A new international study reveals that the world's oceans absorbed more heat in 2025 than in any other year since modern record-keeping began.

Published Friday in the journal Advances in Atmospheric Sciences, the analysis shows that the ocean's heat increase last year amounted to a staggering 23 zettajoules of energy – equivalent to 37 years of global energy consumption at 2023 levels.

The findings stem from a major collaboration involving over 50 scientists from 31 research institutions worldwide. By integrating data from leading international centers and independent research groups across Asia, Europe and the Americas, the scientists concluded that the heat content in the upper 2,000 meters of the ocean reached its highest recorded level in 2025, underscoring a clear and sustained upward trend.

The study highlights that ocean warming is not uniform. In 2025, about 16 percent of the world's ocean area saw record-high heat, while an additional 33 percent ranked among the top three warmest years in their historical records. The fastest warming occurred in regions including the tropical and South Atlantic, the North Pacific and the Southern Ocean.

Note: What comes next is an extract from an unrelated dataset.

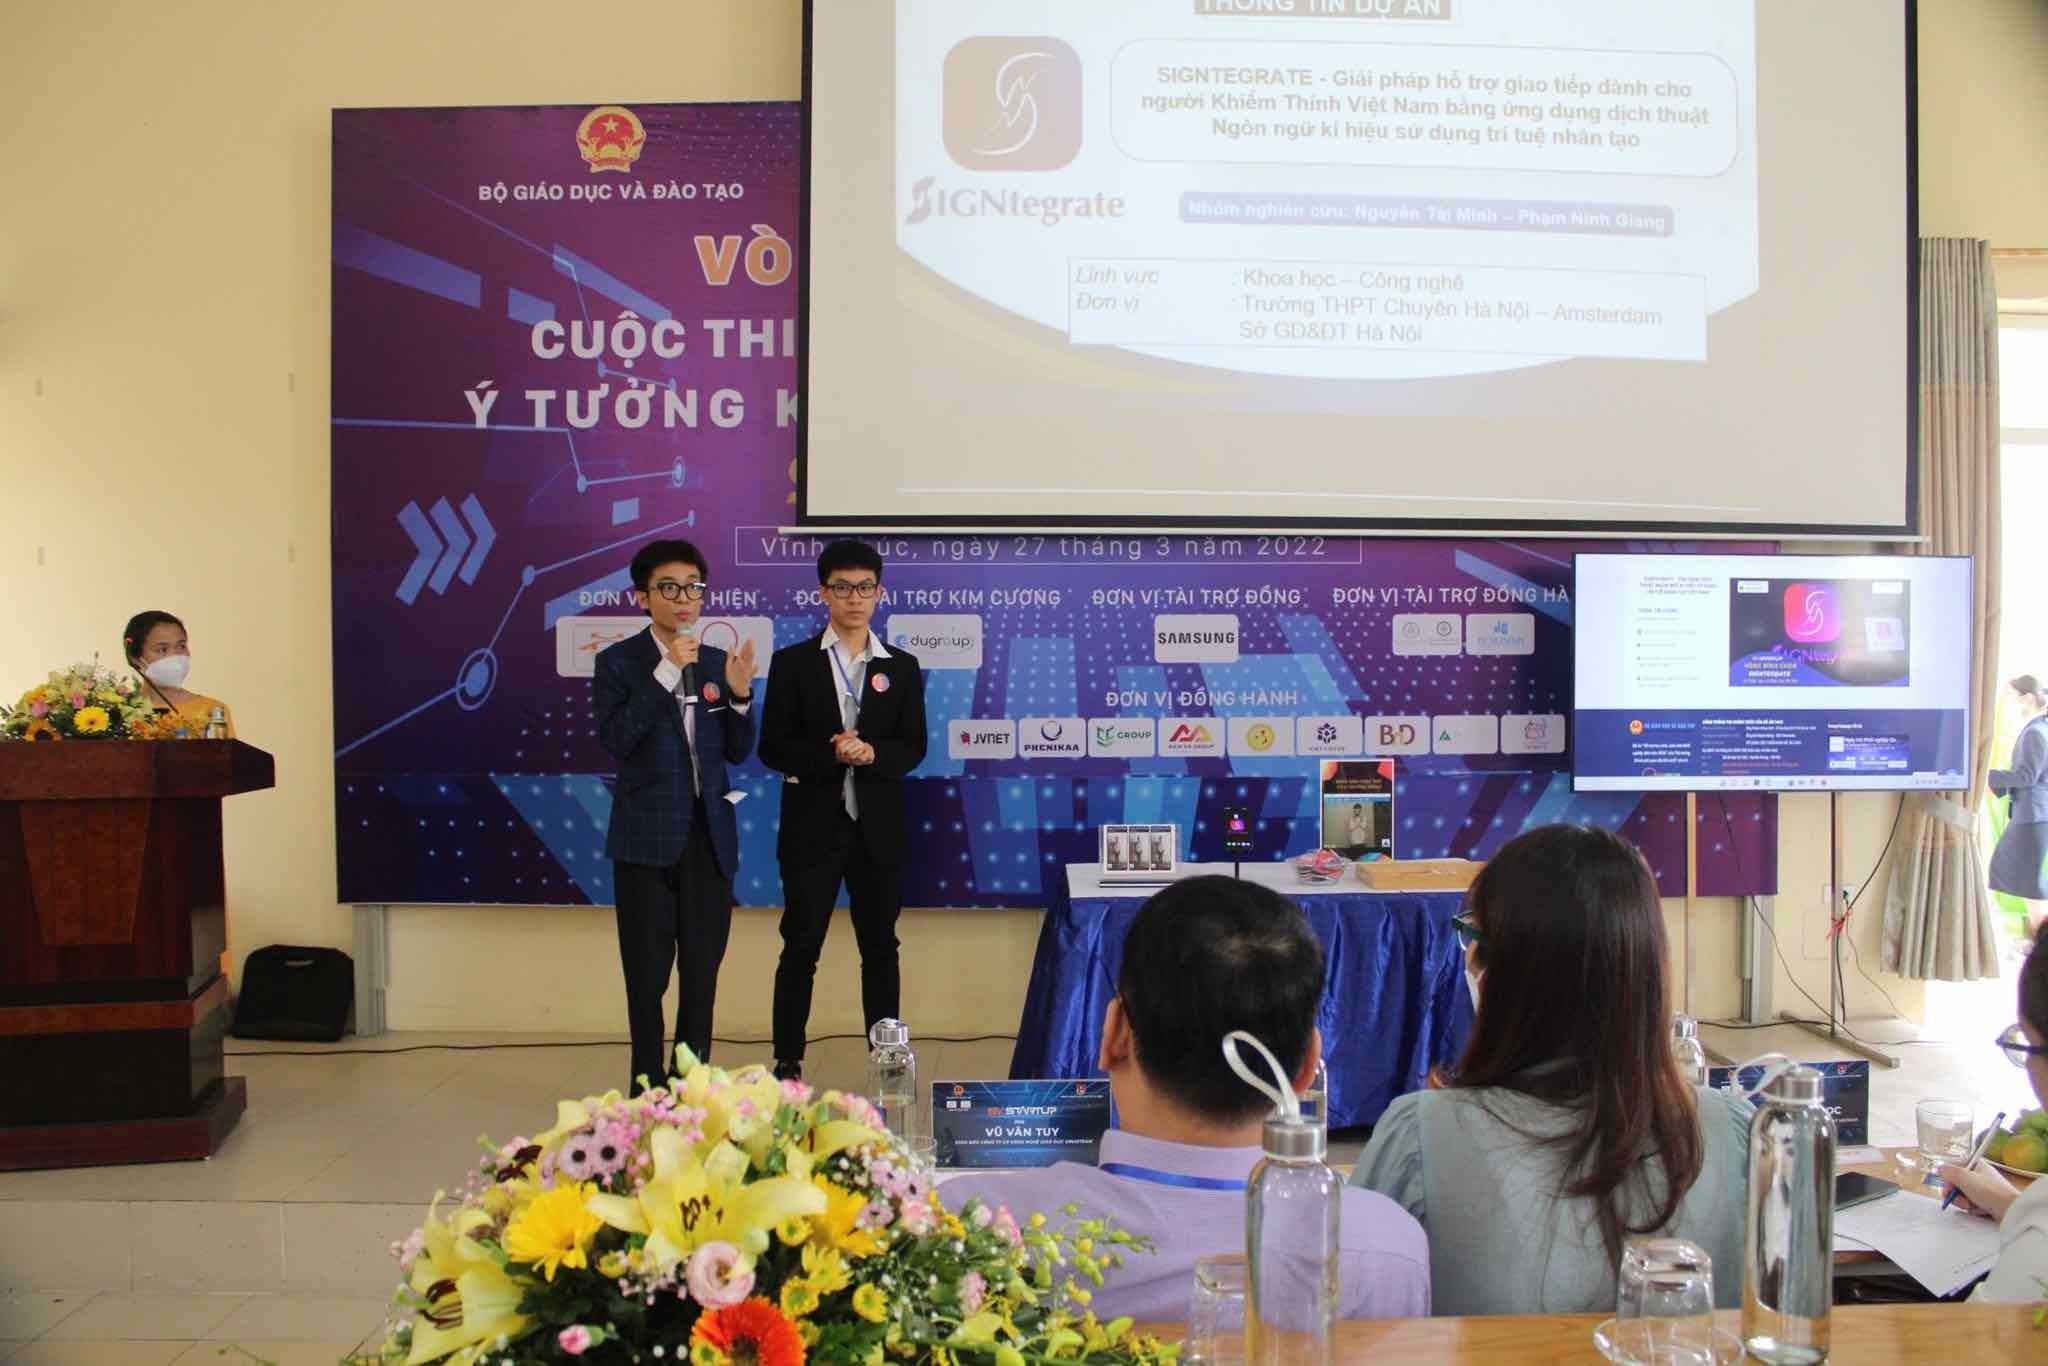 Two Hanoi 11th graders started their careers with a respectable project!
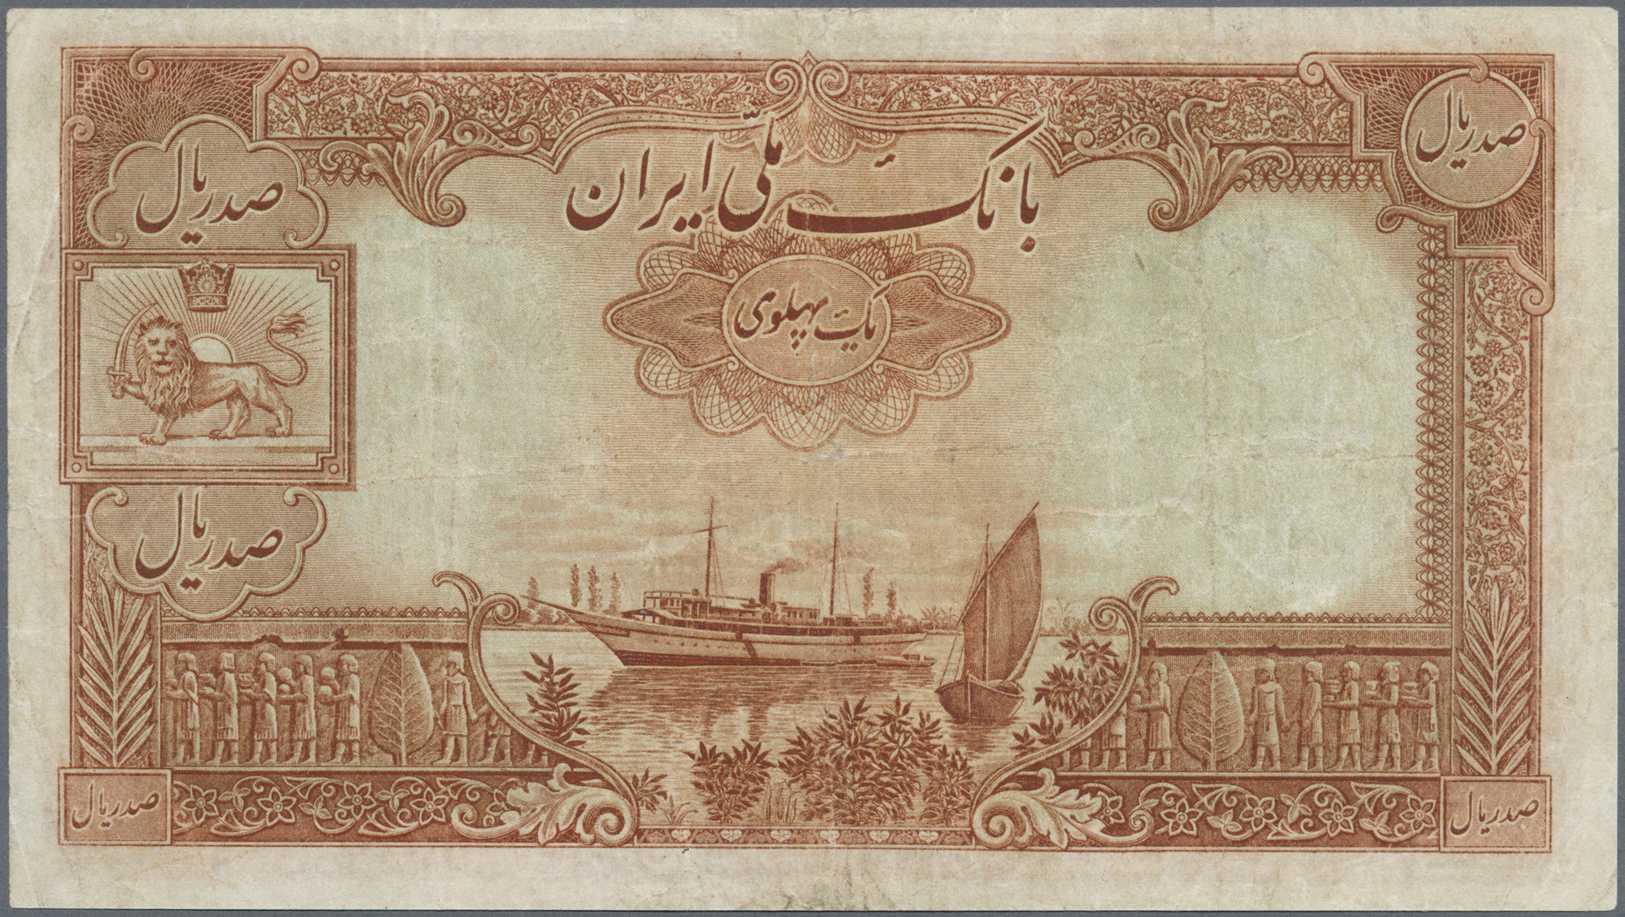 01212 Iran: Set Of 2 Notes 100 Rials ND P. 36A And 36, Both Used With Folds And Creases, Both Pressed, The P. 36A With C - Iran

While heat stored in the deep ocean set a new record, surface temperatures exhibited a slightly different pattern. The global average sea-surface temperature in 2025 was the third warmest on record, remaining about 0.5 degrees Celsius above the recent baseline and slightly below the peaks observed in 2023 and 2024.

Nevertheless, these elevated surface temperatures have significant real-world impacts, driving increased evaporation and heavier rainfall. They played a key role in intensifying extreme weather events in 2025, such as severe flooding in Southeast Asia and Mexico, and drought in the Middle East, the study said.

The study warns that continued ocean heating carries profound consequences. It directly contributes to sea-level rise through thermal expansion, exacerbates and prolongs marine heatwaves, and adds more heat and moisture to the atmosphere, which can strengthen storms and other extreme weather phenomena.

Scientists emphasize that as long as the planet continues to accumulate heat, ocean heat records will continue to be broken.